• **Task goal**
The required answer is the run of lines from the one holding "1960s Petrol Station Stock" to the end of the data below, copied exactly and free of pictures.

• **Data**
BEGIN

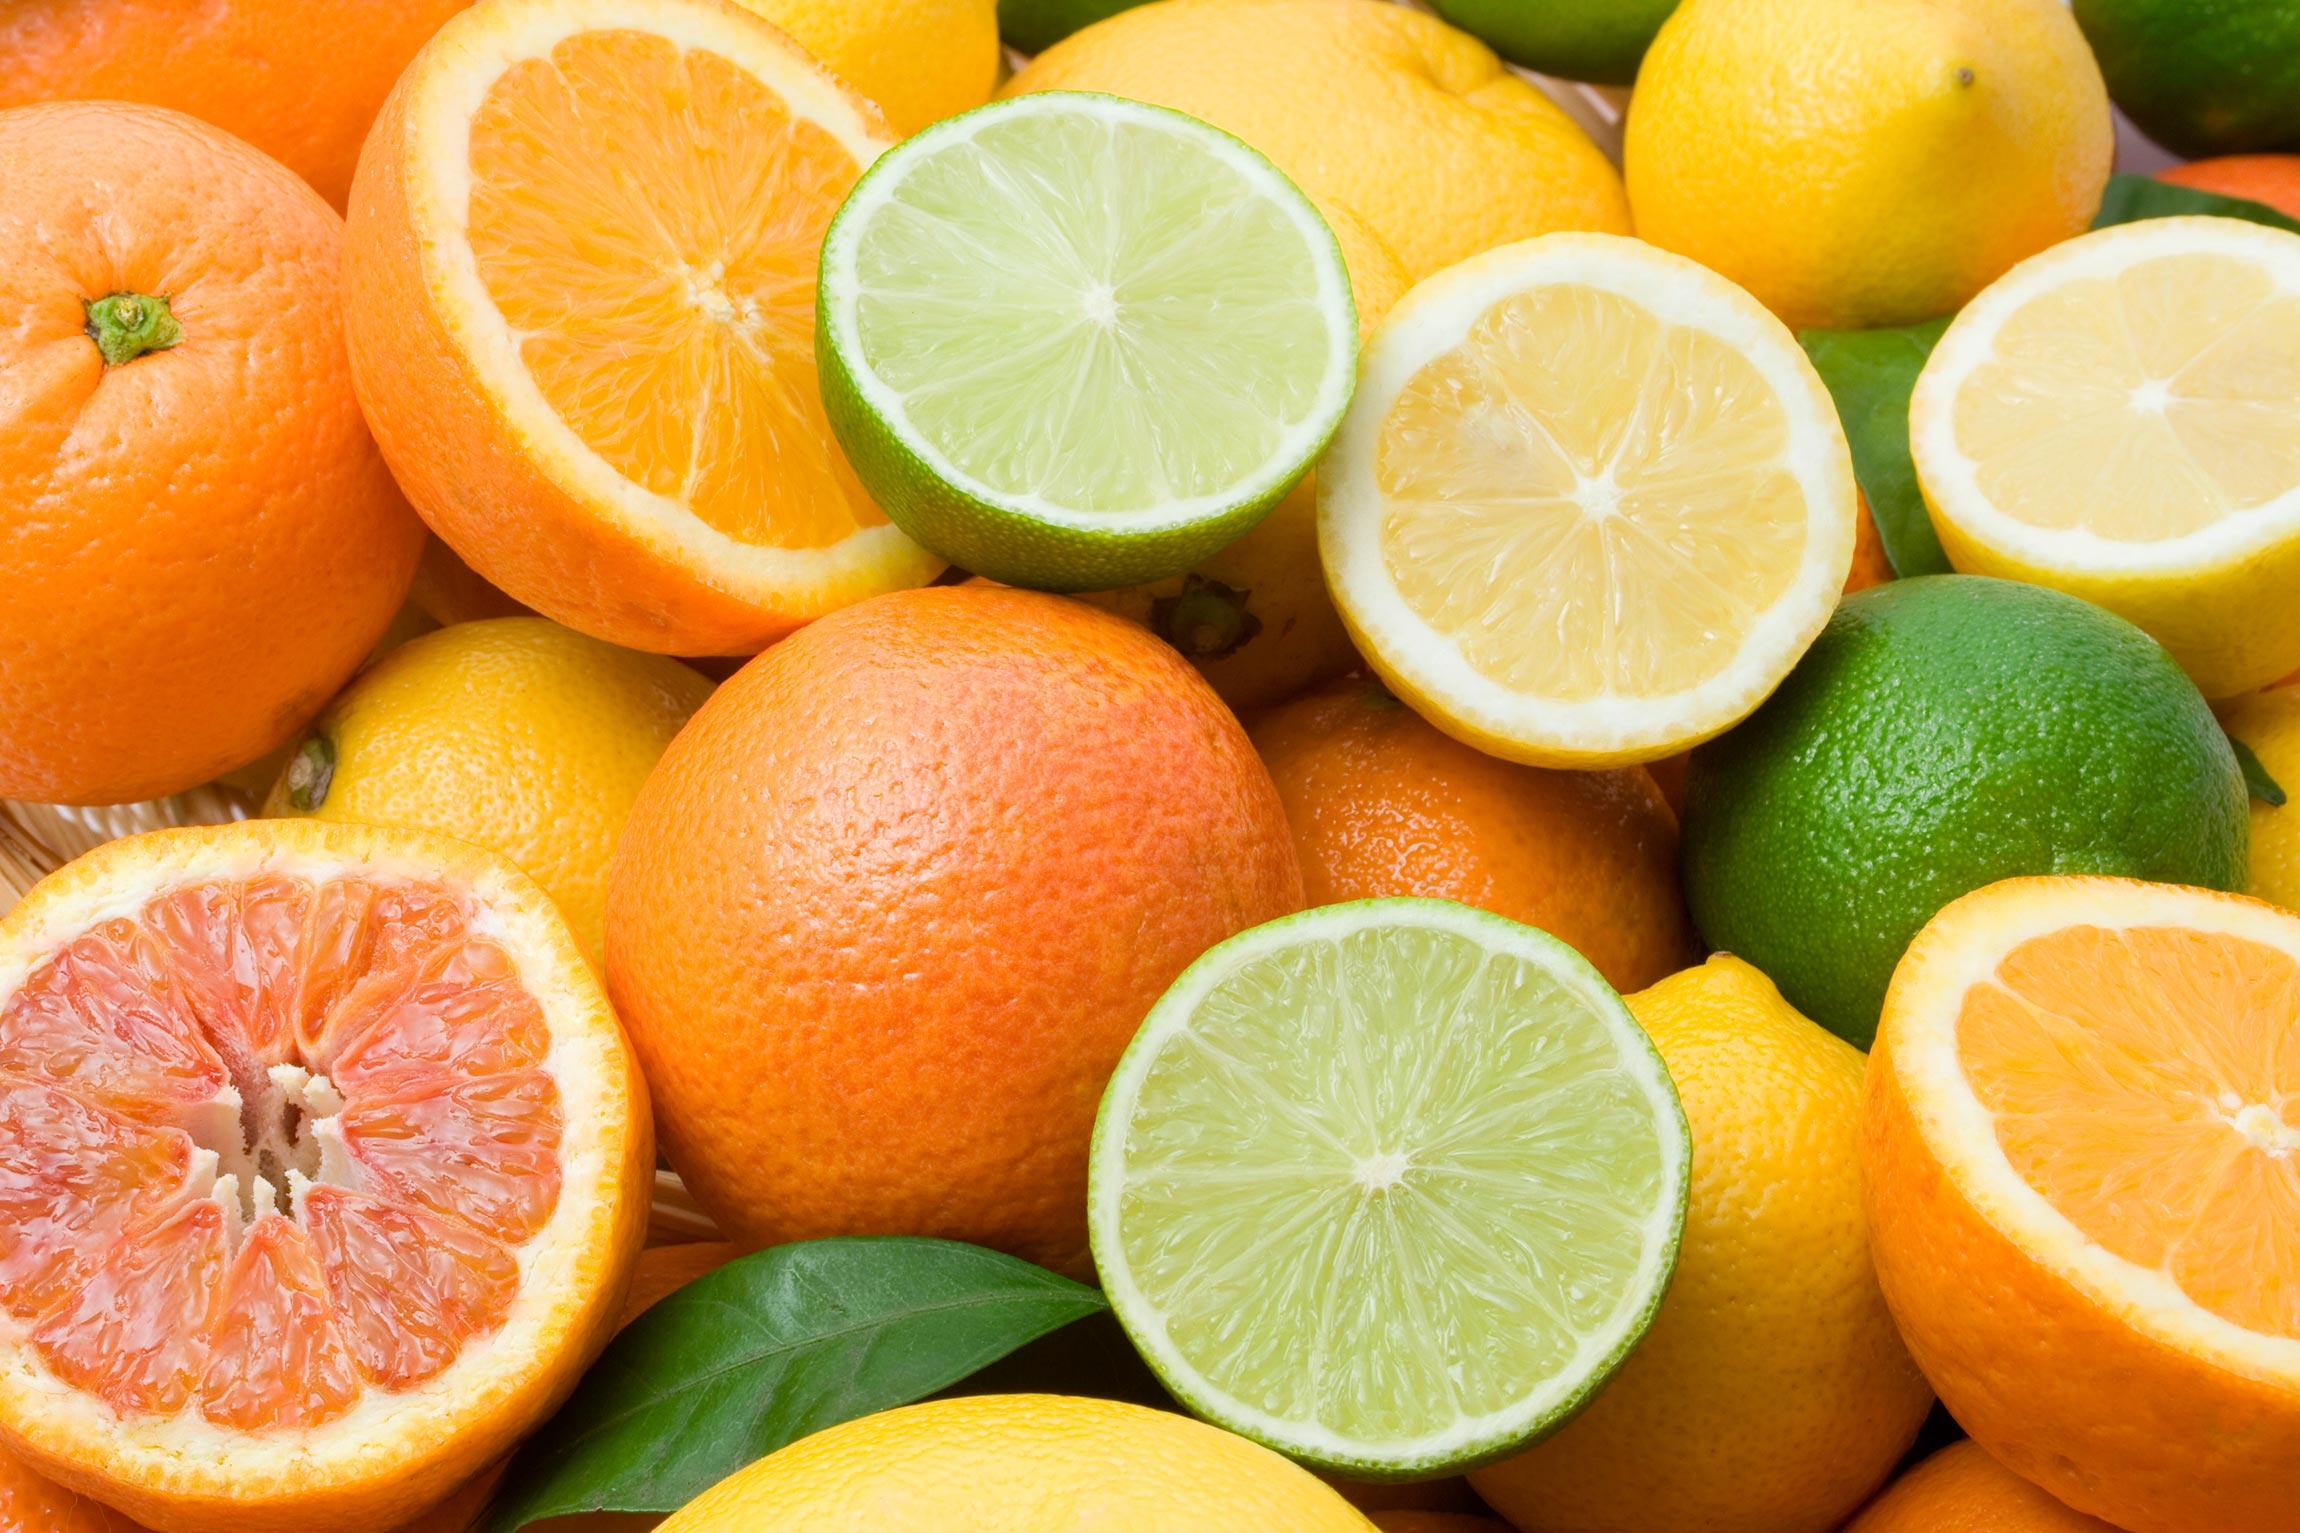 closeup of cut oranges, limes, lemons
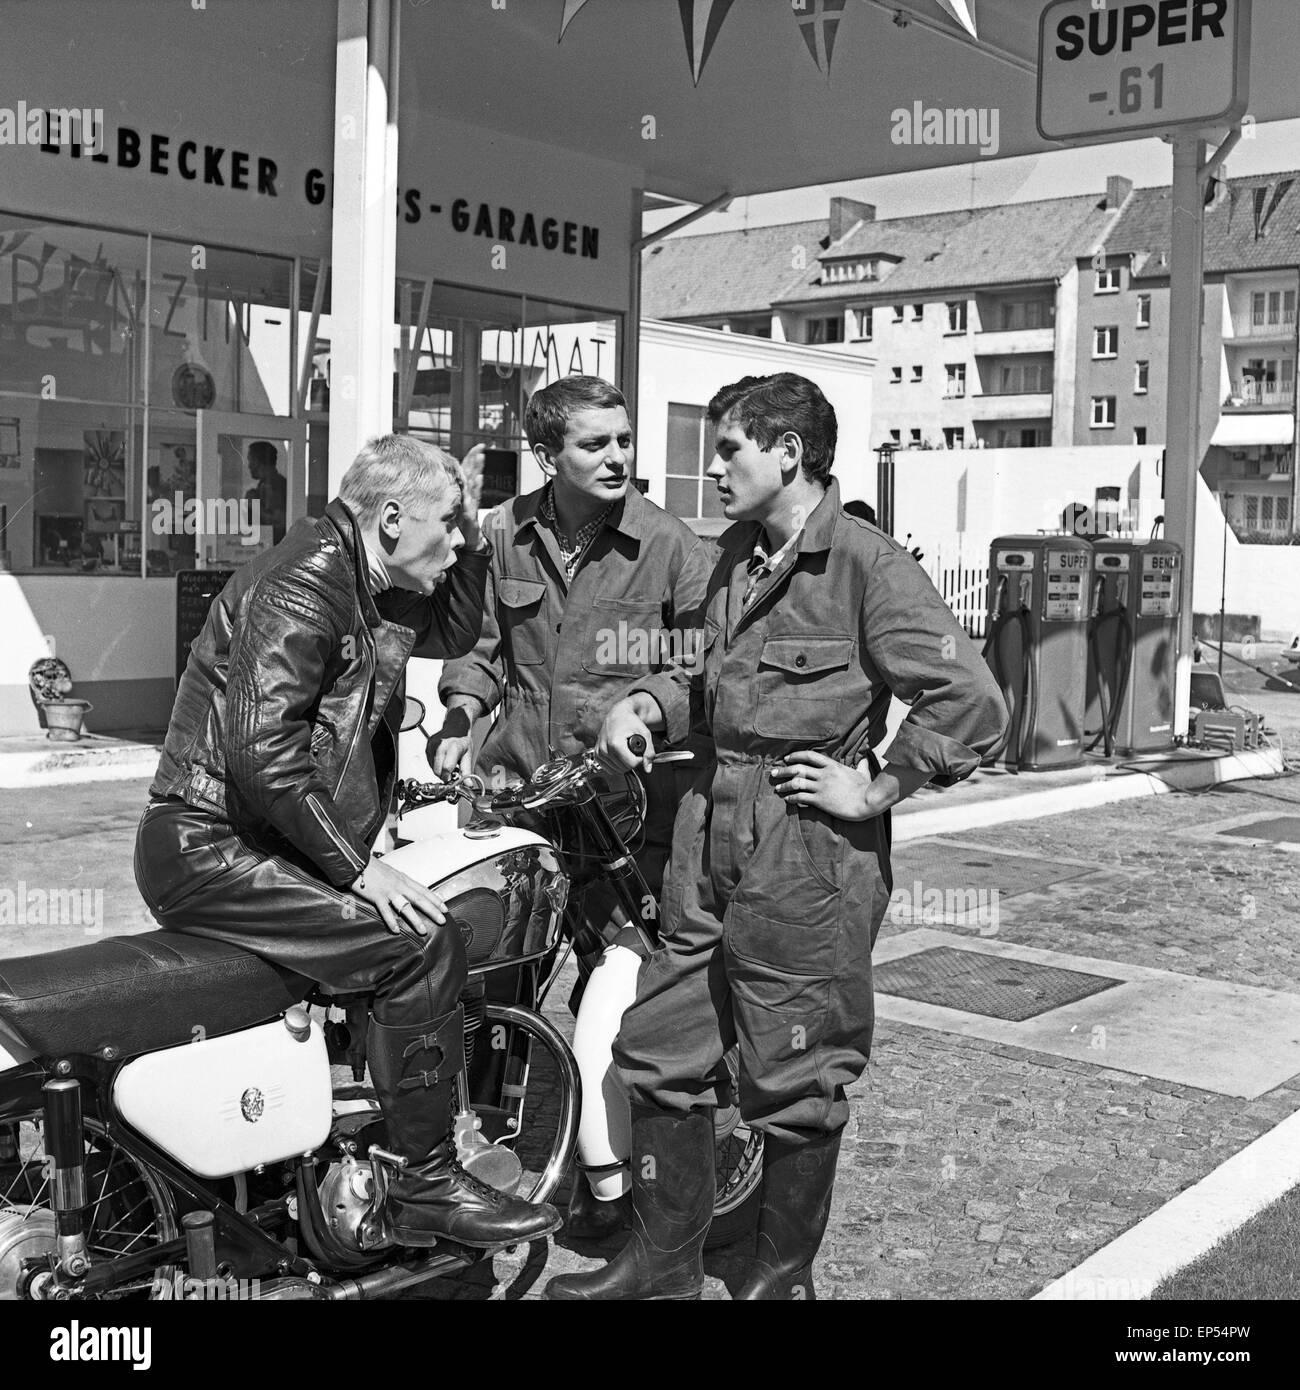 1960s Petrol Station Stock Photos & 1960s Petrol Station
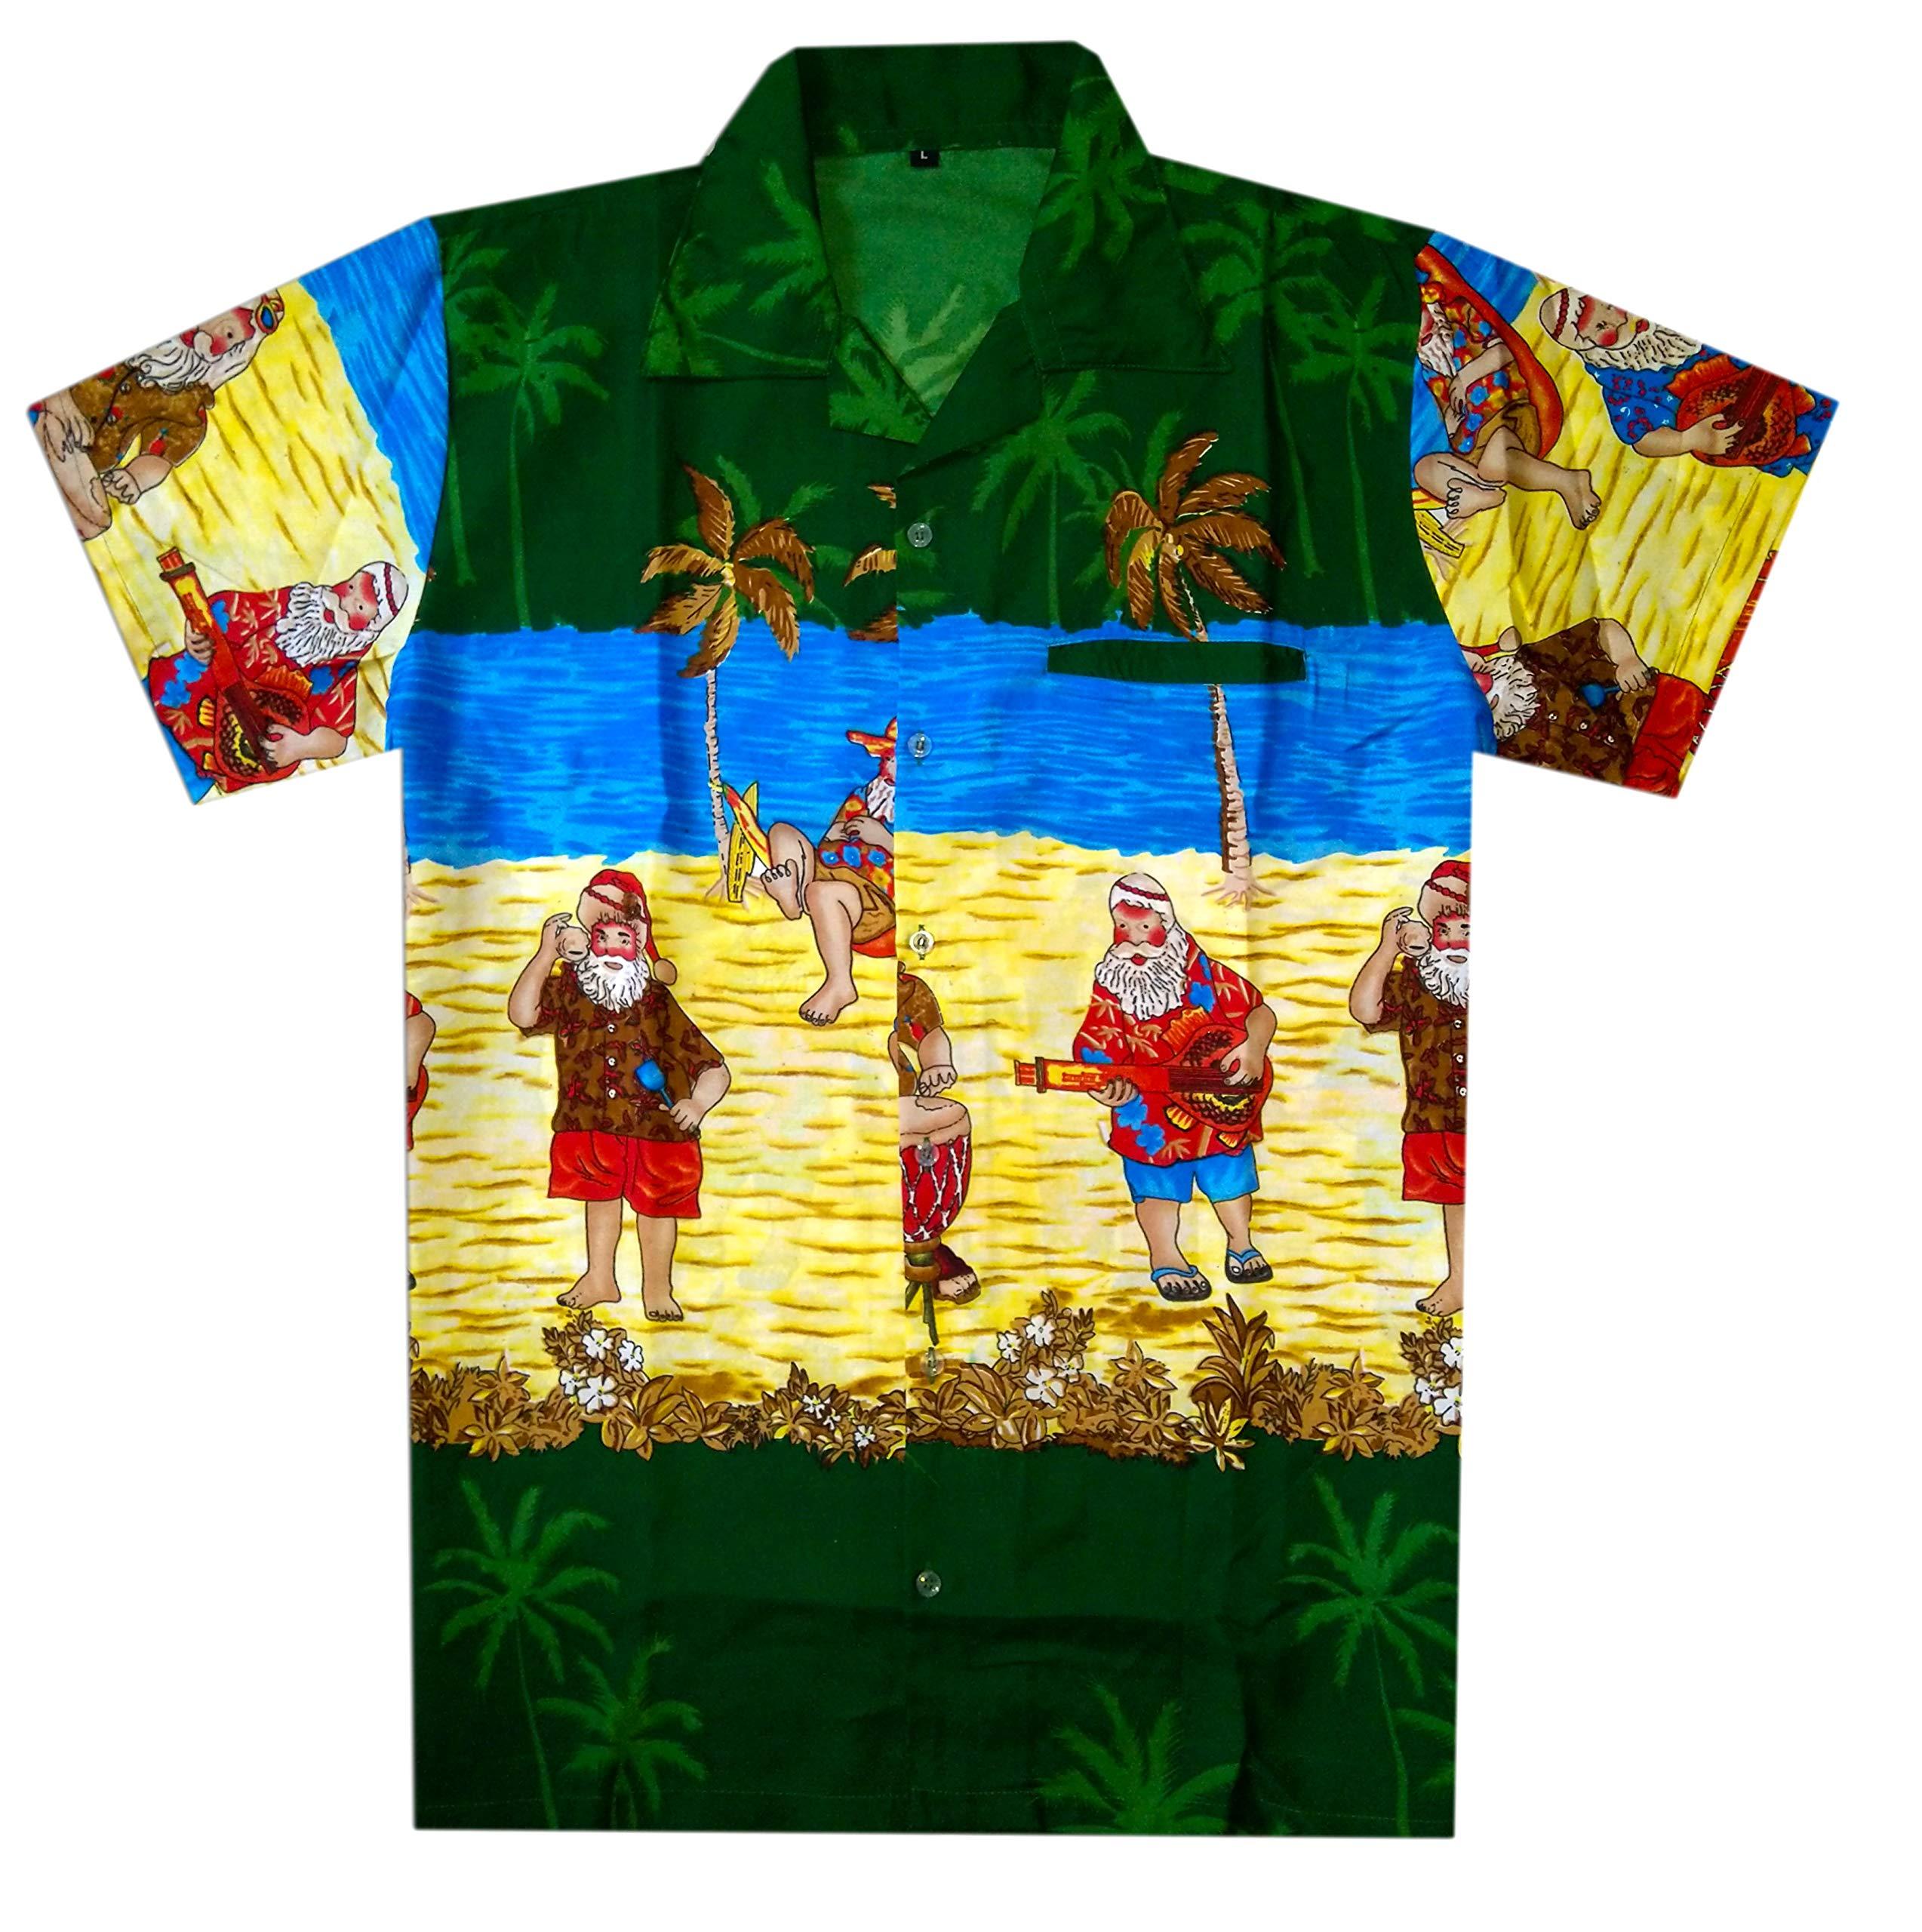 Christmas Hawaiian Shirt Womens.Virgin Crafts Christmas Hawaiian Shirt For Men Women Santa

END

• **Task response**
 1960s Petrol Station Stock Photos & 1960s Petrol Station
 Christmas Hawaiian Shirt Womens.Virgin Crafts Christmas Hawaiian Shirt For Men Women Santa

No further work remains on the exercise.